How to tell if you are in a relationship with a predator?
A romantic relationship with a toxic, manipulative and emotionally abusive person is something you’d never see coming, especially if you have been interacting with the person online. But if you can tune in your radars early on, you may succeed in saving yourself a lot of pain and trauma.
Here are some tell-tale signs that you may be in a relationship with a narcissist/sociopath.
Note: Although the article is written from a female POV, the points apply equally to both genders.
1. Connects with you and is quick to jump into personal conversation (DM/IM/WhatsApp). He’s probably done enough research on you and will know beforehand what topics are likely to interest you.
2. Will try to know everything about you. No, he’s not giving you importance – just gauging your weaknesses/ vulnerabilities. He will sound sensitive and caring so you are more inclined to open up to him.

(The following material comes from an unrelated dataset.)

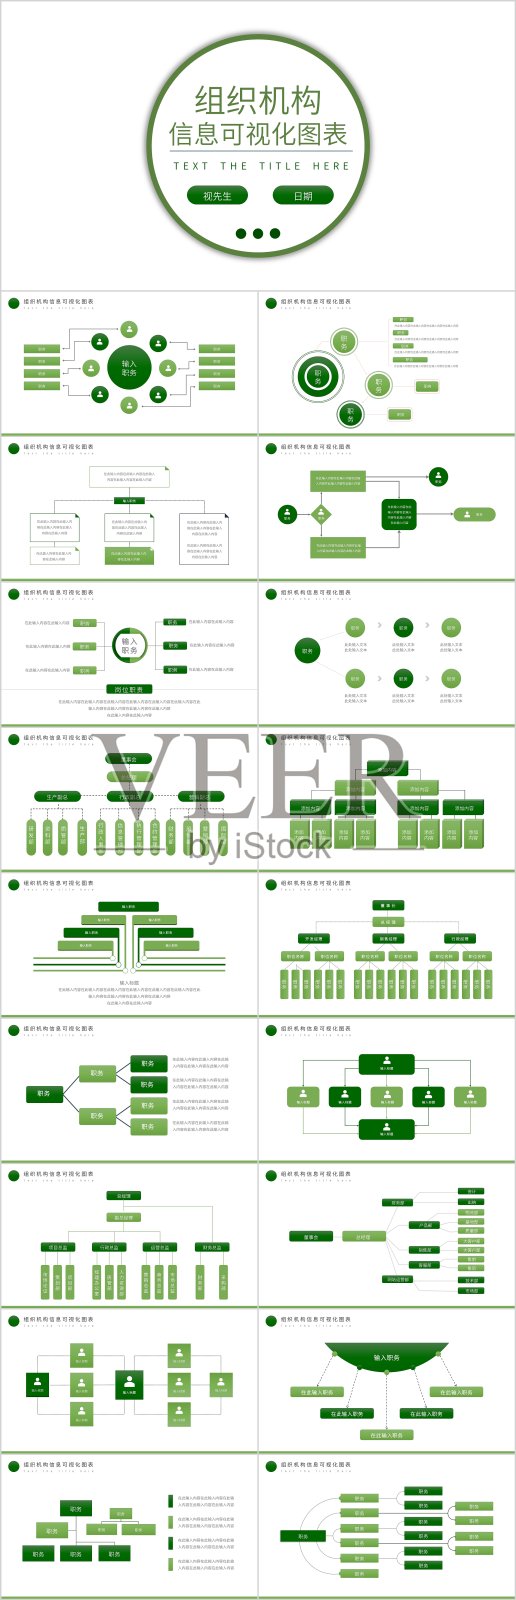 绿色组织机构信息可视化图表PPT模板设计模板素材

3. Tries to get too close too soon. Especially at an emotional level. Will say that he “needs” you. This might sound endearing at first but as your relationship progresses, you will gradually realize how “need” is a dangerous word and is not the same as love.
4. Something about him never adds up. His actions and words do not match. He seems to come across as open and talkative, but when you think deeply, you realize that there are some parts of himself he has kept hidden from you.

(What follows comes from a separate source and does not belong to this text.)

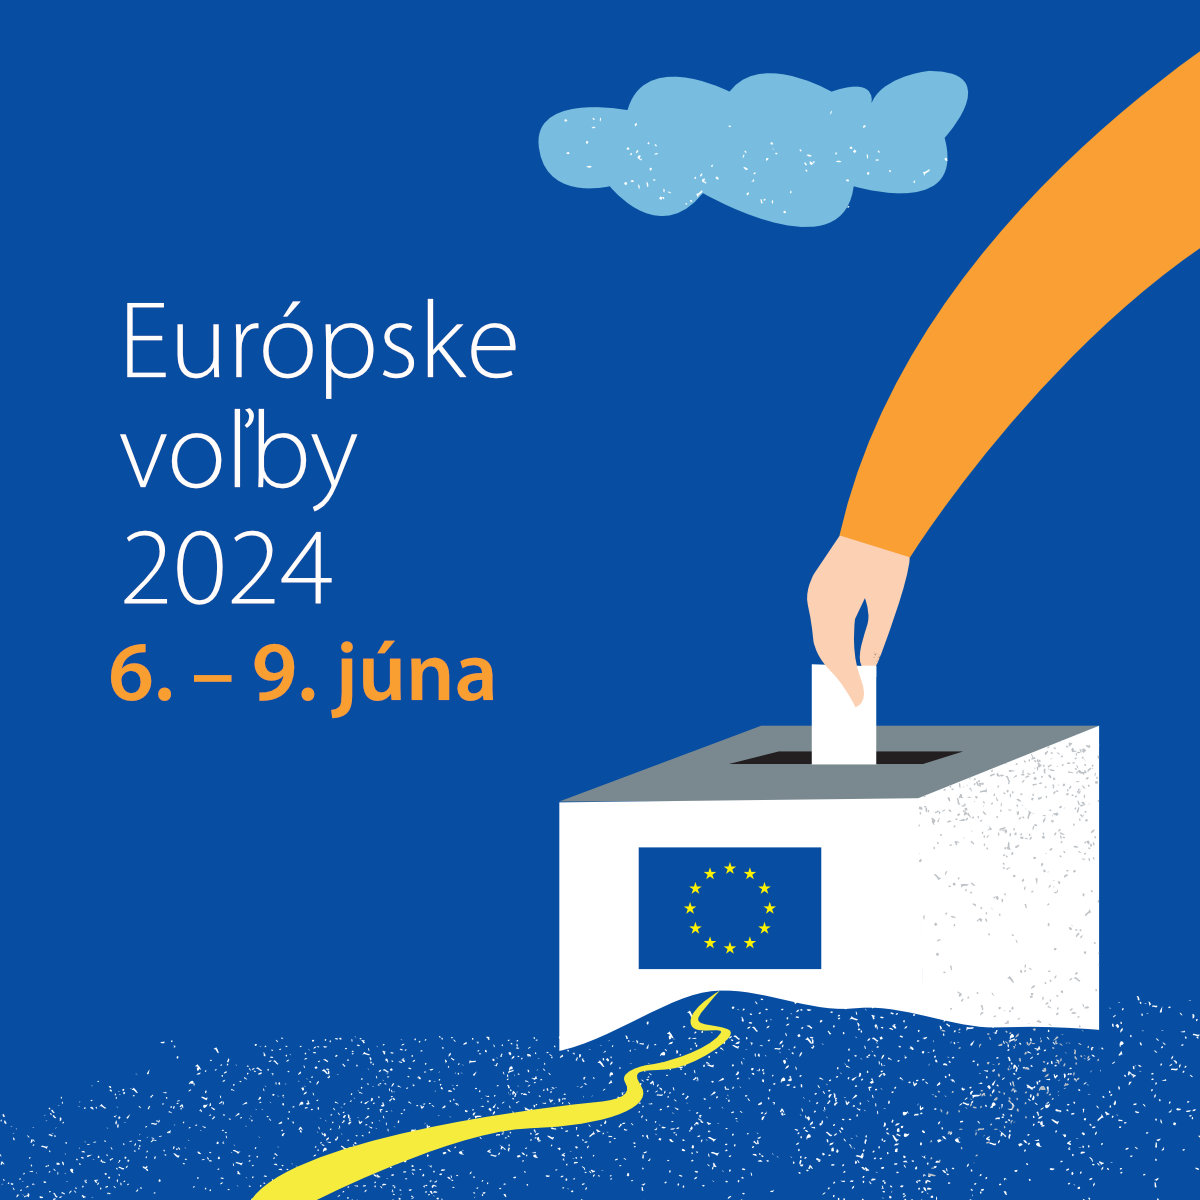 Európske voľby 2024 - Square

5. He is usually a smooth talker – always using the right words and telling you what you want to hear. He will charm you and win your confidence against your better judgment.
6. He might try to gain sympathy by narrating sad personal stories. This is to trigger your nurturing instincts and plant the idea in your head that you are the only one who can “save” him.
7. Demands your time and attention all the time in the beginning and then gradually withdraws leaving you hurt and confused. Fairytale romance quickly gives way to mixed signals to keep keep you in a confused state so that you are easier to manipulate.
8. CONTROL is at the core of these toxic relationships, be it your mind, body, emotions or finances. He may play upon your goodness of heart and spin stories to get you to give him money.
9. He may make sexual demands you may be uncomfortable with, just to establish dominance and power. Such a person will usually be selfish in bed and will not respect boundaries.
10. May exhibit childlike behavior and throw temper tantrums. Basically, he does not know how to take “no” for an answer.
11. Interacting with him may feel emotionally draining because he is feeding off all your energy. His aim is to suck all lifeblood out of you leaving you weak and lifeless. And he will do this in cycles. Such people are called Emotional Vampires for a reason.
12. He will lead you to believe that you’re exclusive but will be interacting the same way with multiple women. He may have his favorites, but he is not capable of being loyal in a relationship.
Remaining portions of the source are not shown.